Penny glances fearfully up the valley in the direction of Grimwood Hall. When she speaks again, her voice is low.

“It was built long ago, only God knows how long. It housed many lords and ladies. Henry VIII stayed there shortly after one of his wives went to the chopping block. An early owner is said to have put holes in the walls and secret passageways everywhere, to spy on his guests. Then, two generations ago, a lord murdered his lady. Her headless body was found one night on the grounds. A horrific scream had been heard not long before. He was never even brought before the magistrates because he had friends here and in London. But his friends abandoned him afterwards. He lived alone up there for many years, had no visitors, and was kept company only by the strange animals he brought back from India in his earlier years. One night during a terrible thunderstorm, another scream was heard and the lord was never seen again, eaten, many think, by one of his beasts. People claim the animals still live on the grounds, behind those walls with the iron fence on top.”

“No one knows that for sure?”

“No one goes near, Master Bell.”

“But what about the three who live there now?”

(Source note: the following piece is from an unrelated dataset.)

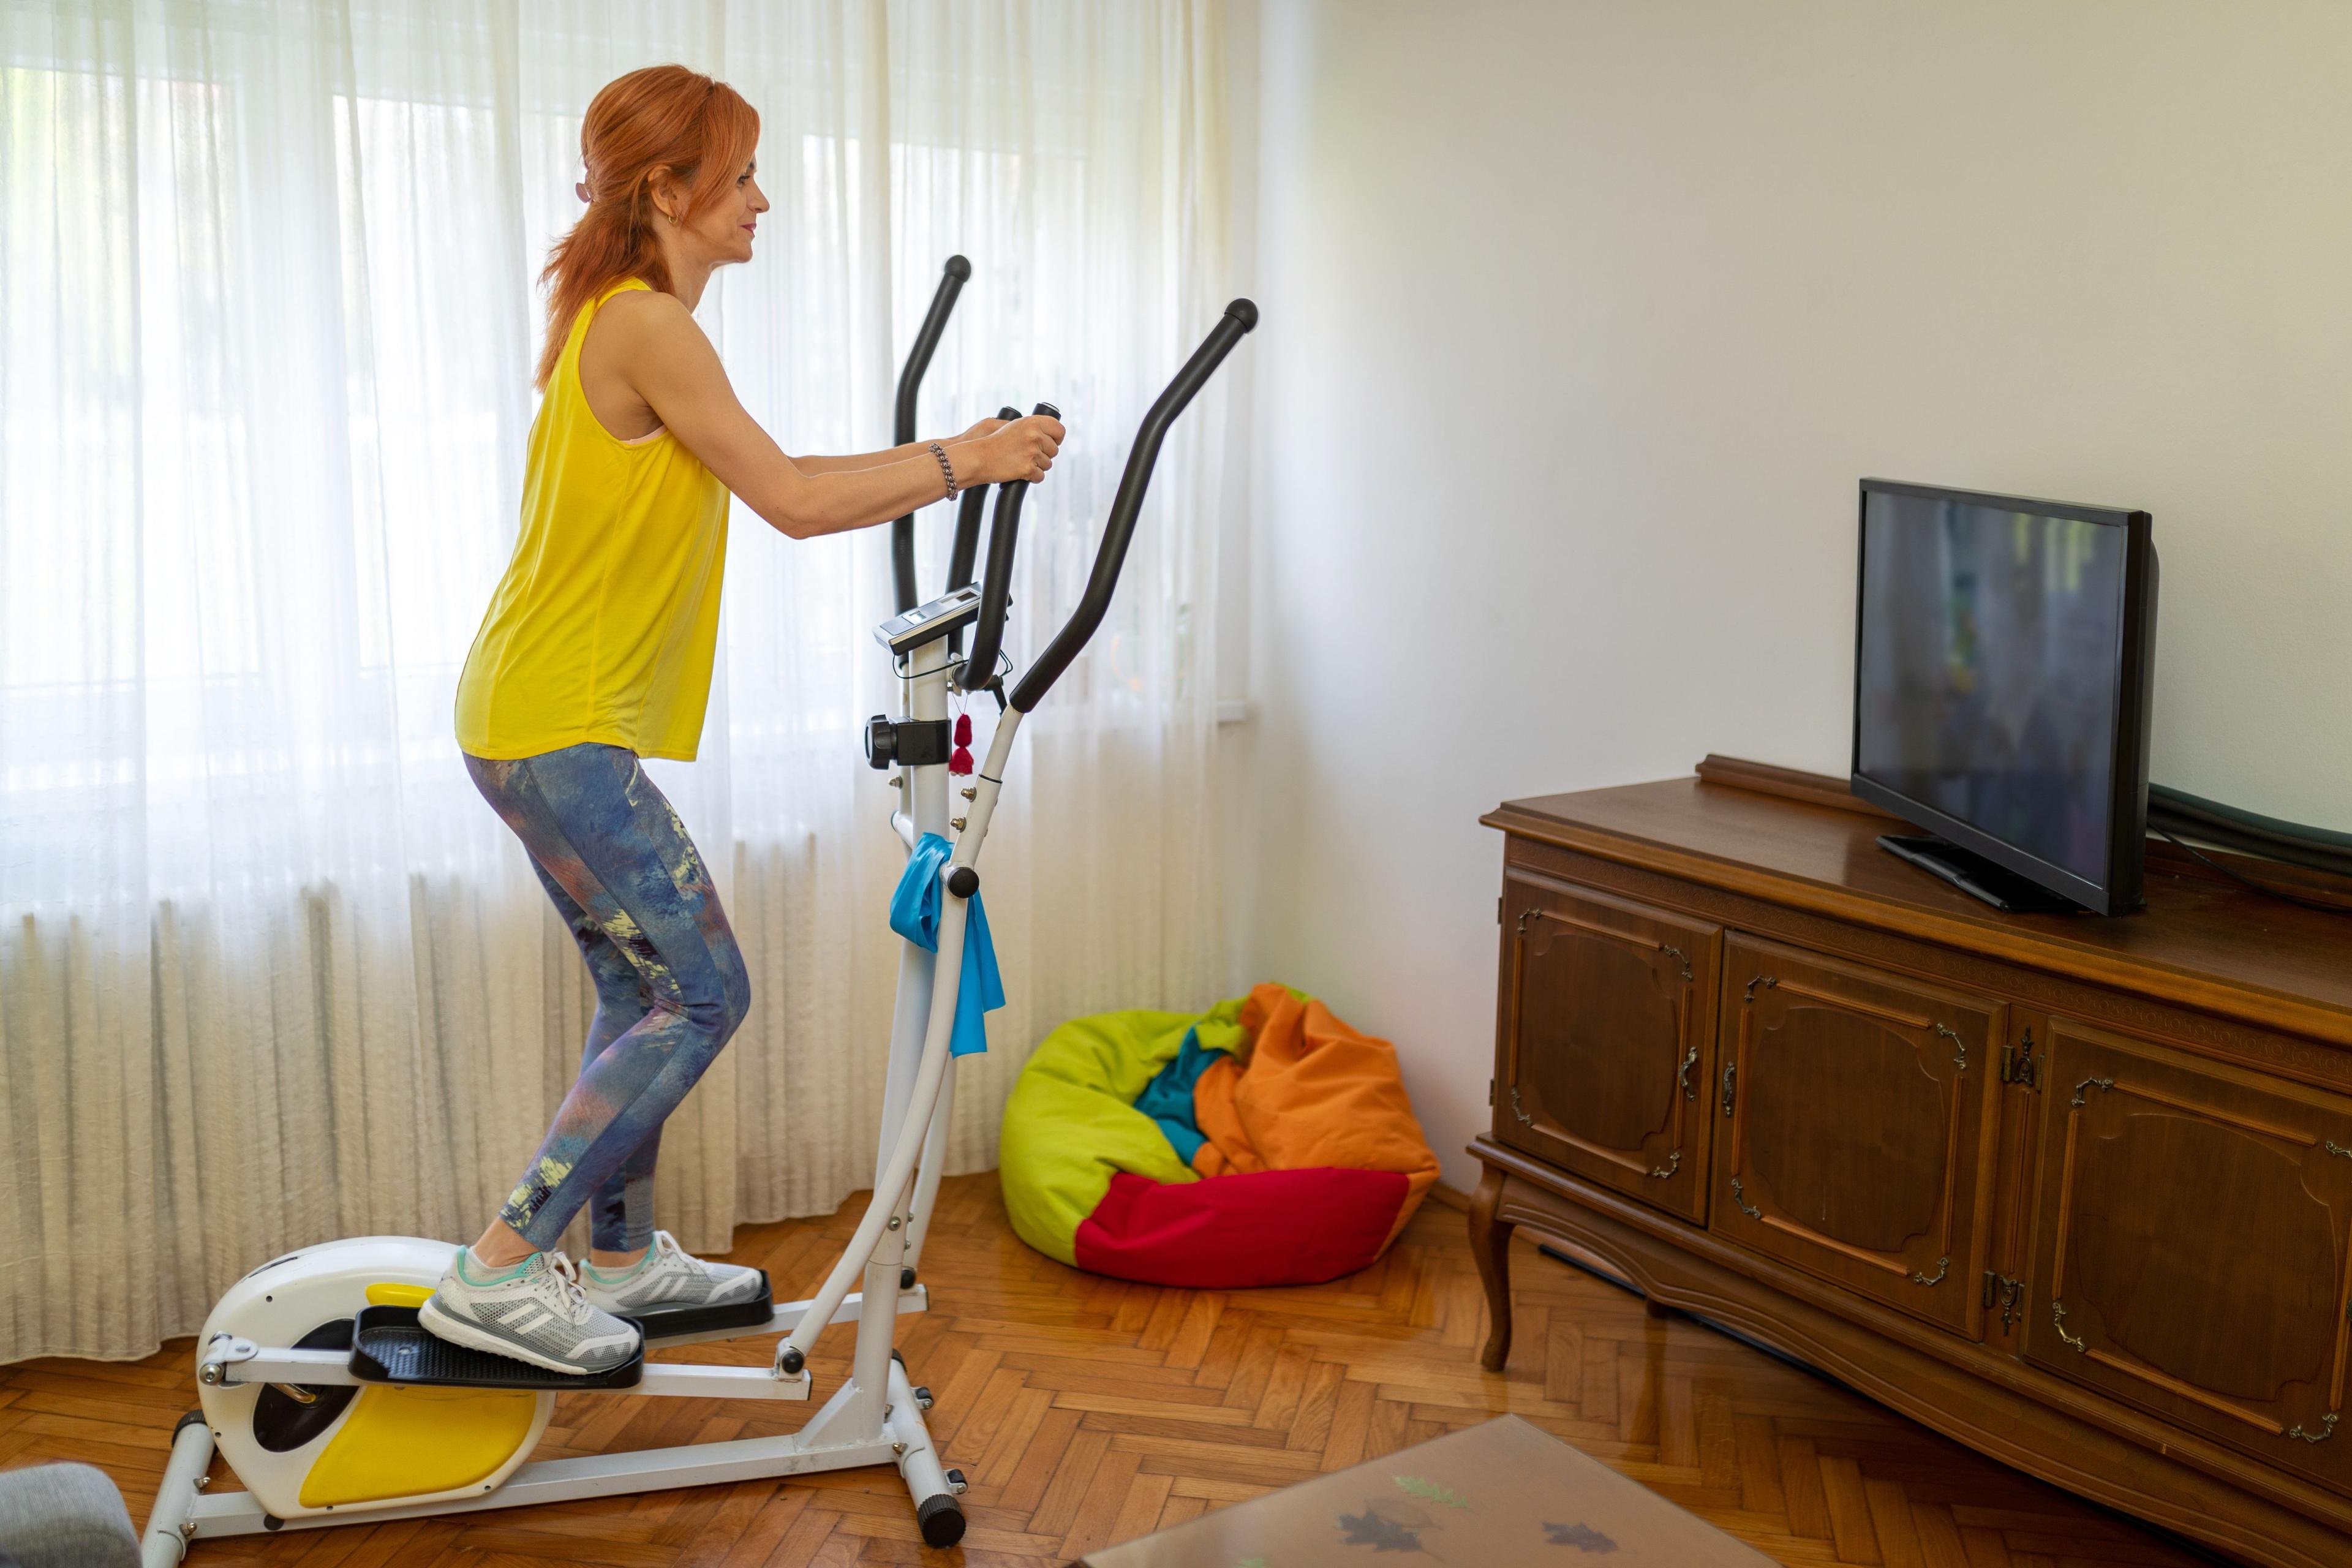 How do you exercise while watching television?

“They came maybe three or four months ago, spent time in town at the outset, heard about Grimwood and made inquires, and then paid for their lodgings in cash. At least that’s what’s said. For the first few weeks they was often seen in town: at the public houses, the greengrocers, the tobacconist’s in Little Barford, but then they started keeping to themselves. Those who dare to look for long up that way, say that the lights were only on in one part of the house for the first while, but then one began showing upstairs too.”

The boy swallows.

“Thank you,” he murmurs.

“They’ve only ever had one visitor that folks know of. The same man come three, maybe four times: reasonably well-to-do … stood very upright when he walked, some say he had a military bearing … but he wasn’t dark-haired like you.”

“Not who I am looking for, you think?”

She takes his hand. “You mustn’t go there.”

“Of course not.”

“It’s haunted if ever a house was.”

“I am not superstitious …”

“If your father really is one of them, then find another way. Hide in the countryside near the village and see if they come down. They do go out on occasion, one at a time.”

“I won’t go there. I promise.”

She has a mother’s nose for a liar.

“What is your name? The truth, this time.”

“Sherlock Holmes, my lady.”

“Master Holmes, my daughter was a free spirit like you. She liked to play up near the manor as a youngster, though her father whipped her when she did. The day she disappeared, the blacksmith said he saw her walking up the hill toward Grimwood. It is my hope … that she just ran away.”

“I am sure she will return.”

“May God be with you, my child.”

The distance to Grimwood from the town is much farther than he’d assumed. In fact, it seems like he walks for an hour and the mansion keeps moving away. Only a few minutes into his journey everything grows black; the terrain is wet and marshy, then rocky for a stretch, like a moor. Far below, down near the town, the citizens of St. Neots are setting bonfires to celebrate that day, long ago, when England was saved from the villainy of the rebel, Guy Fawkes. Ghoulish faces watch the flames, like sinister little circles sitting atop devils warming themselves in the underworld. The town is alight. But up here, Sherlock fumbles his way forward in nearly complete darkness, almost blind, starting each time he hears a distant shriek or a Roman candle explode with a crack in the night. He struggles forward and the sounds fade. Finally, he arrives. Soft lights from a few windows cast lambent beams into the darkness, giving him a dim sense of what is before him. A tall granite wall with a short iron fence on top surrounds the expansive lawns. Though it is
difficult to be certain, when he stands on tiptoe and looks through the bars, he sees what appears to be a labyrinth of hedges, unkempt bushes, long grass, and forests of copper beeches and weeping willow trees, hanging down their manes like distressed giants on the sloping land. Sherlock cups his sore hands and blows on them.